Life Through a Leica

For nearly 70 years, Art Shay kept two things by his side: The love of his life, Florence, and a camera.

Over his long career, the renowned photojournalist Art Shay, 91, has taken thousands of photographs of kings, presidents, Hollywood celebs, and sports stars—chronicling people’s lives and news stories all over the world for such magazines as Time, Life, and Chicago.

But his favorite subject of all was his wife of 67 years, Florence. Sometimes Florence would be the focal point of his photos—front and center, smiling, dancing, or reading. (She ran Titles, a rare-book store in Highland Park.) Other times she’d show up, Waldo-like, somewhere in the shot. Recently, when Shay was culling through his vast collection of prints and negatives, searching for photographs of Eleanor Roosevelt’s visit to Deerfield in 1961 in support of the fair-housing protests, he found one negative with a smiling Florence in the background over the former First Lady’s shoulder. “I knew she was there, but I didn’t know she was in the picture,” he says.
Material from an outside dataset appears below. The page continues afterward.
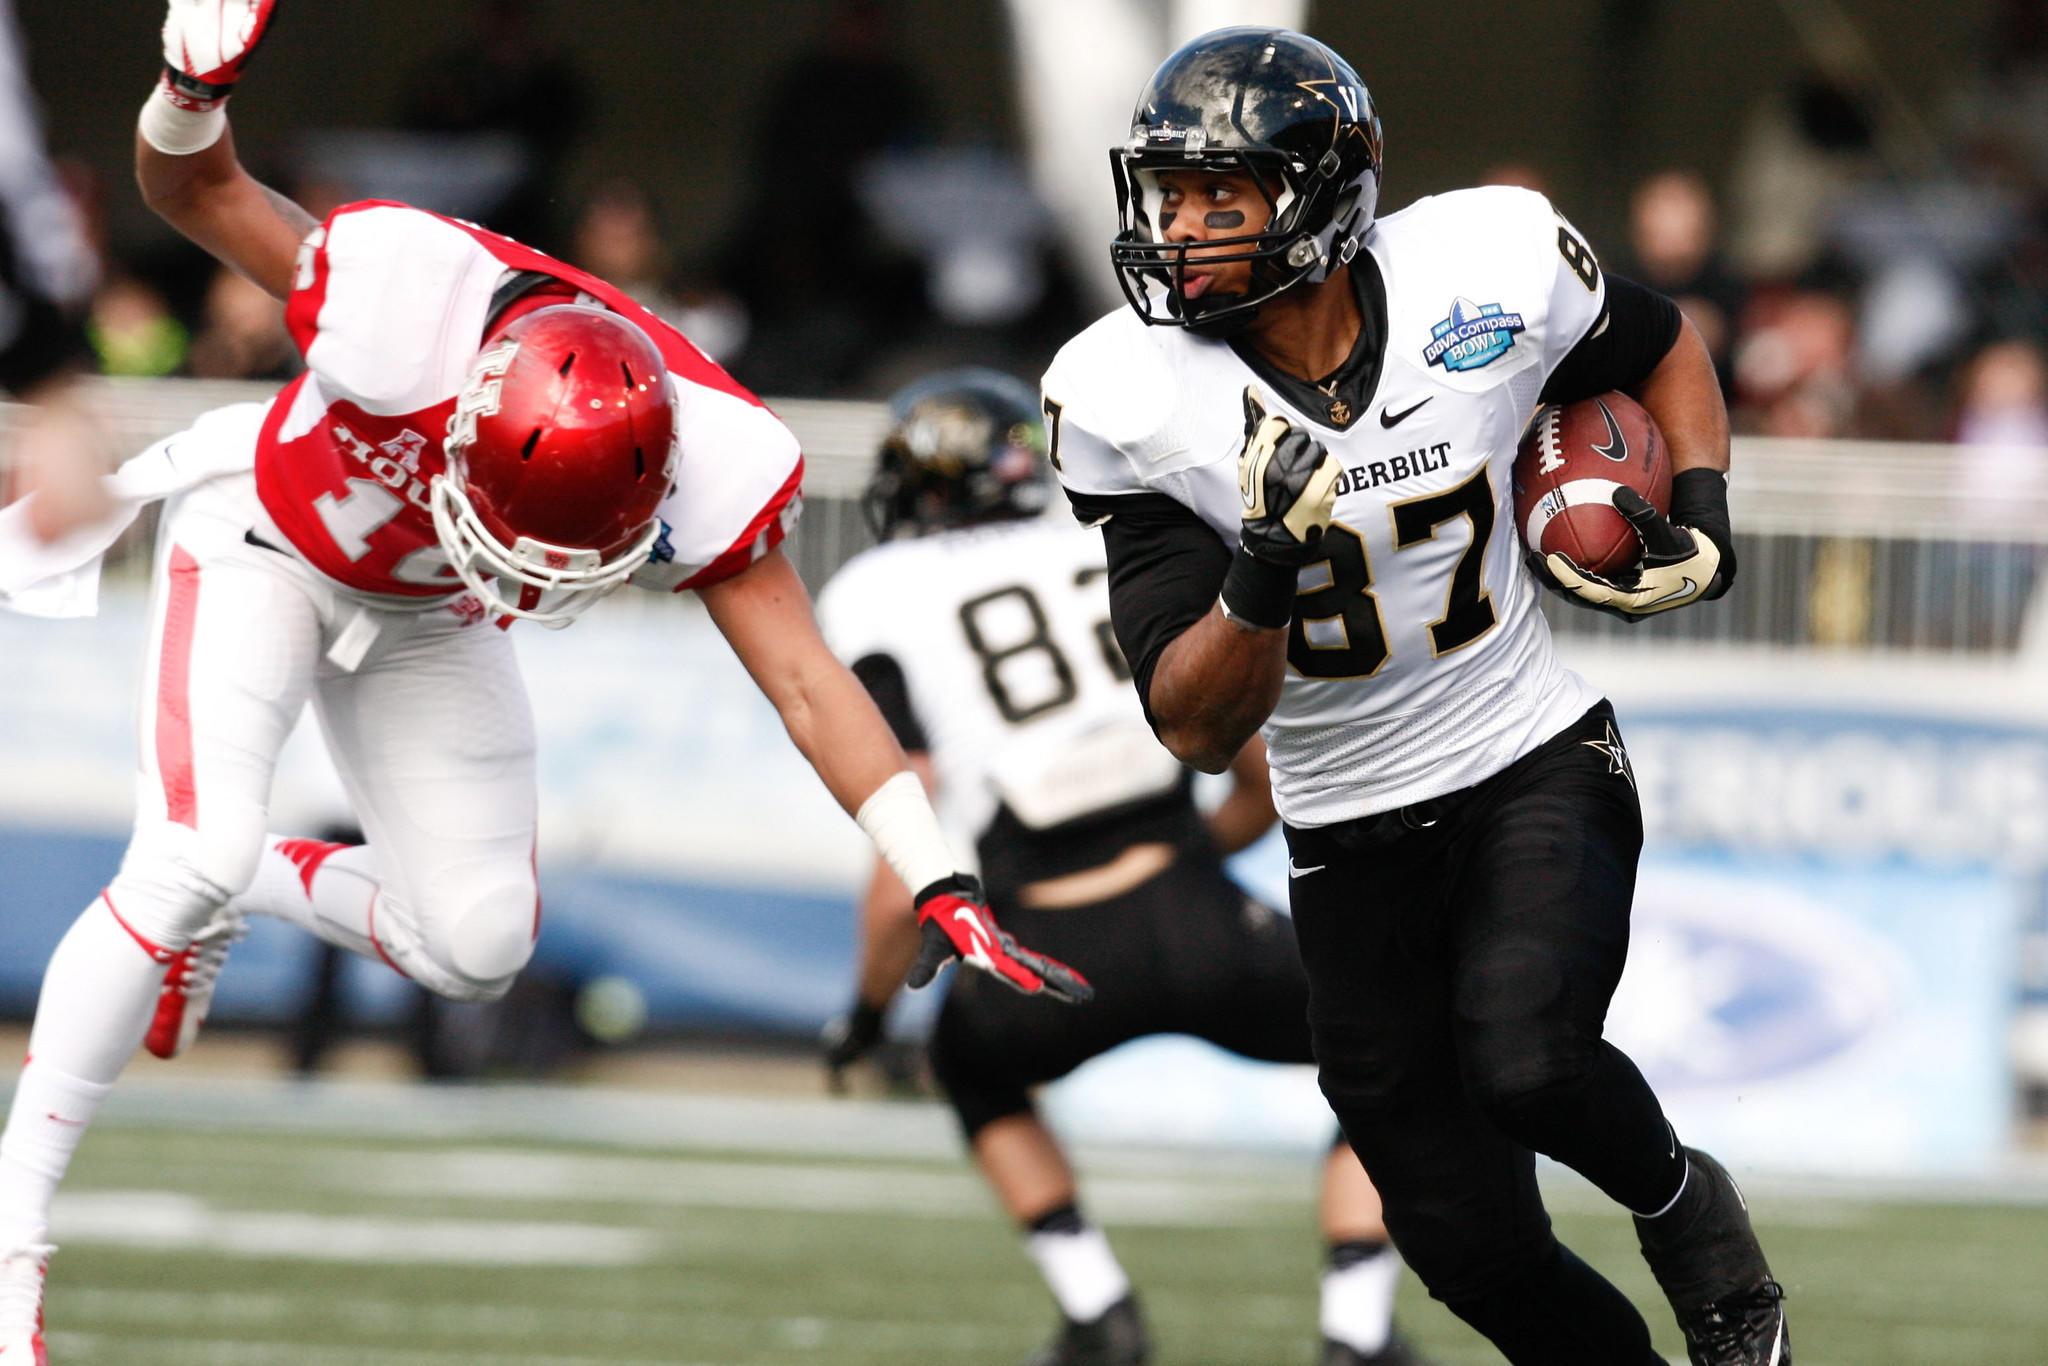 Vanderbilt wide receiver Jordan Matthews sprints toward a touchdown in the 2014 Compass Bowl against Houston.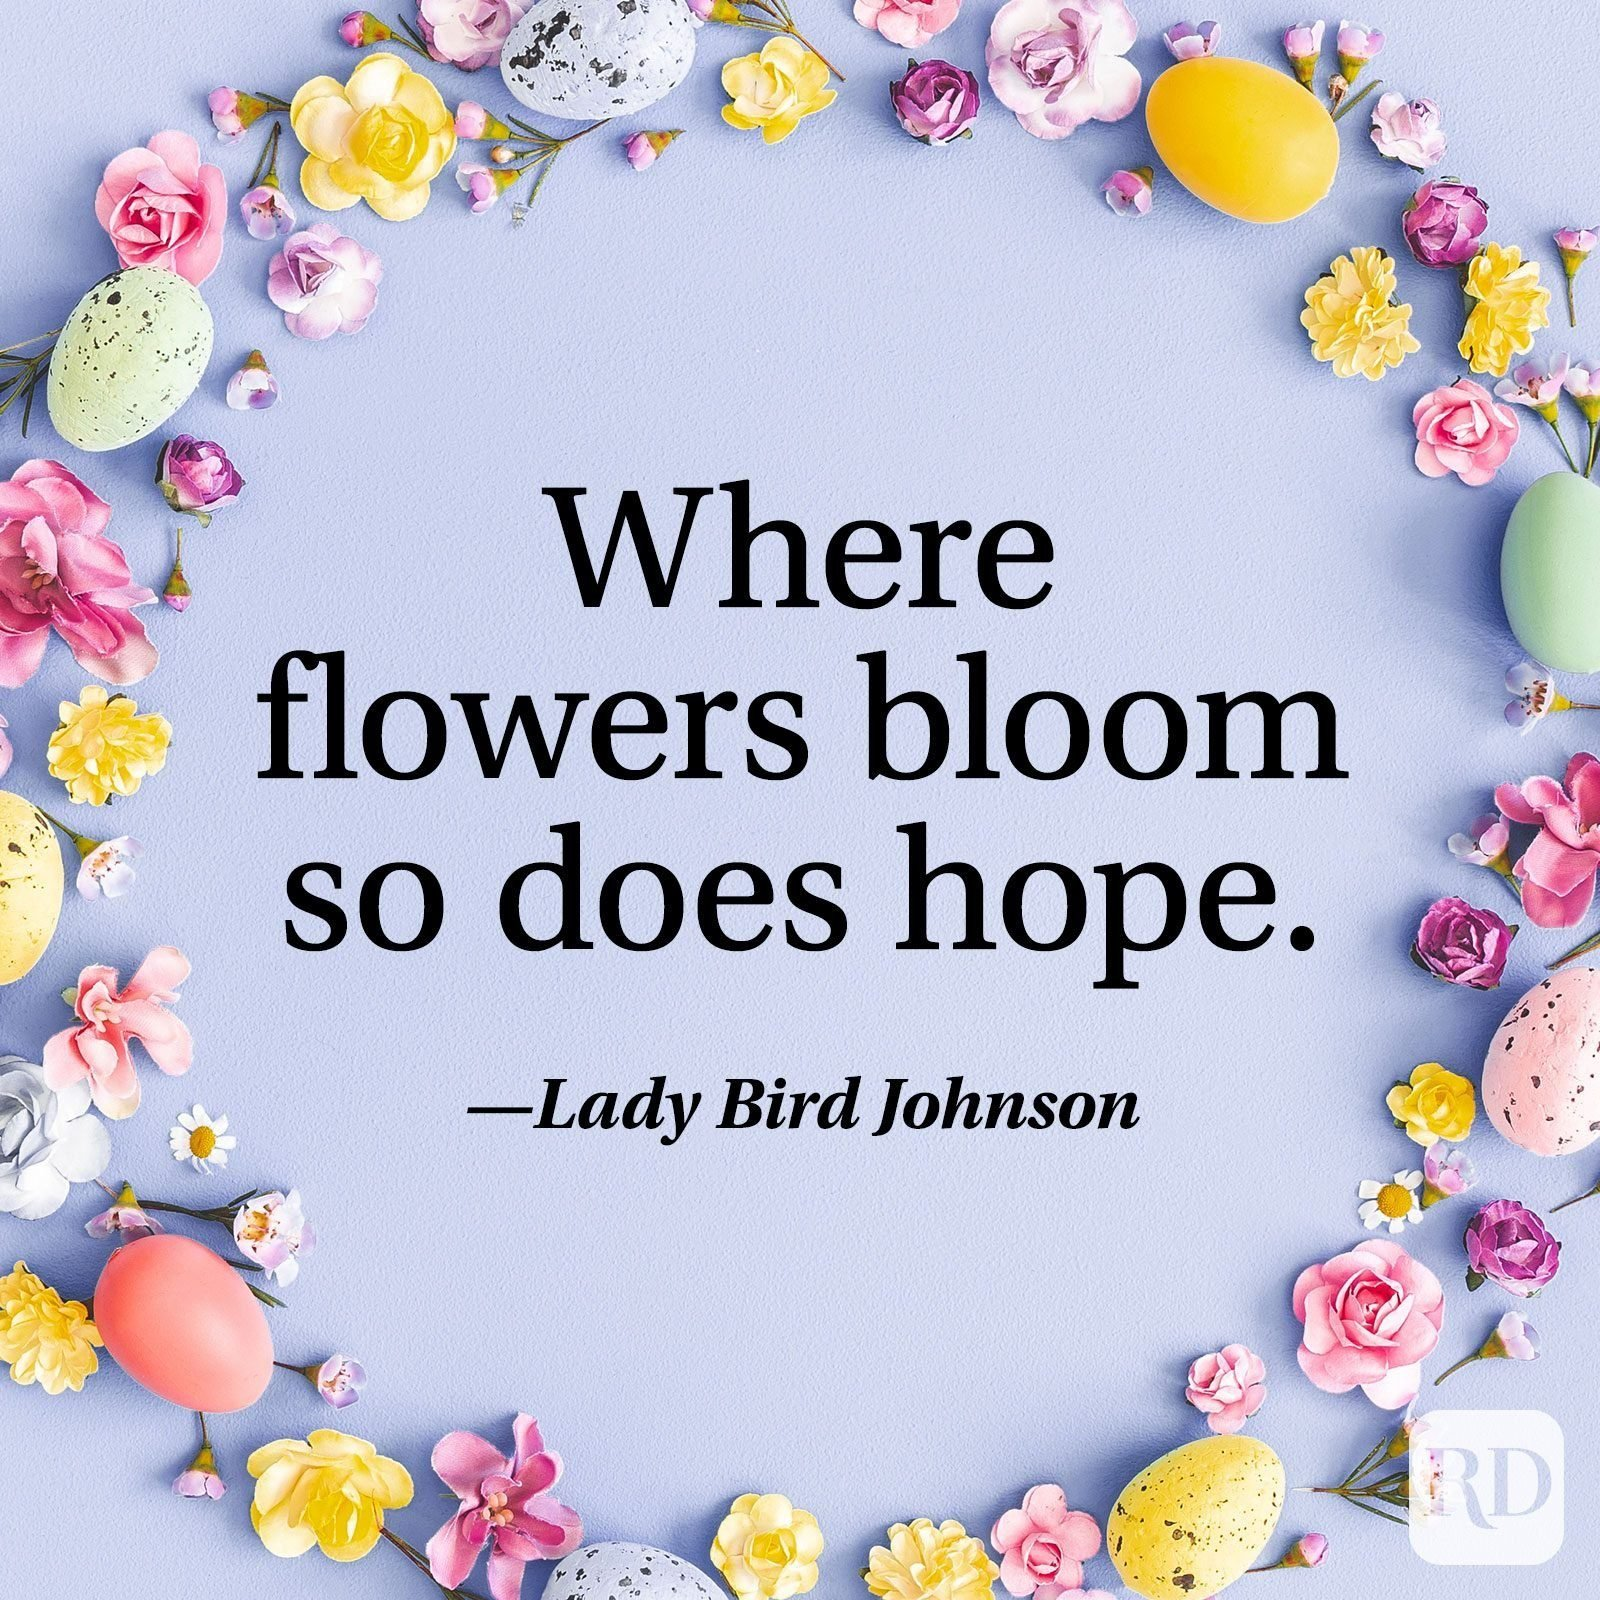 """Where flowers bloom so does hope."" — Lady Bird Johnson"

Beginning on January 20 at the library at Columbia College, that shot and dozens more will be on display as part of My Florence, Shay’s homage to his wife, who died of ovarian cancer in August 2012. (The 17 photos included here are part of the show, which is being presented by Columbia’s Museum of Contemporary Photography.) The exhibition, says the writer Thomas Dyja in his commentary for the show, “is about more than Florence Shay. In documenting his wife’s existence, an accretion of moments—a few remembered, many lost—Art Shay, in sharing his bittersweet loss, somehow enhances our own existence.”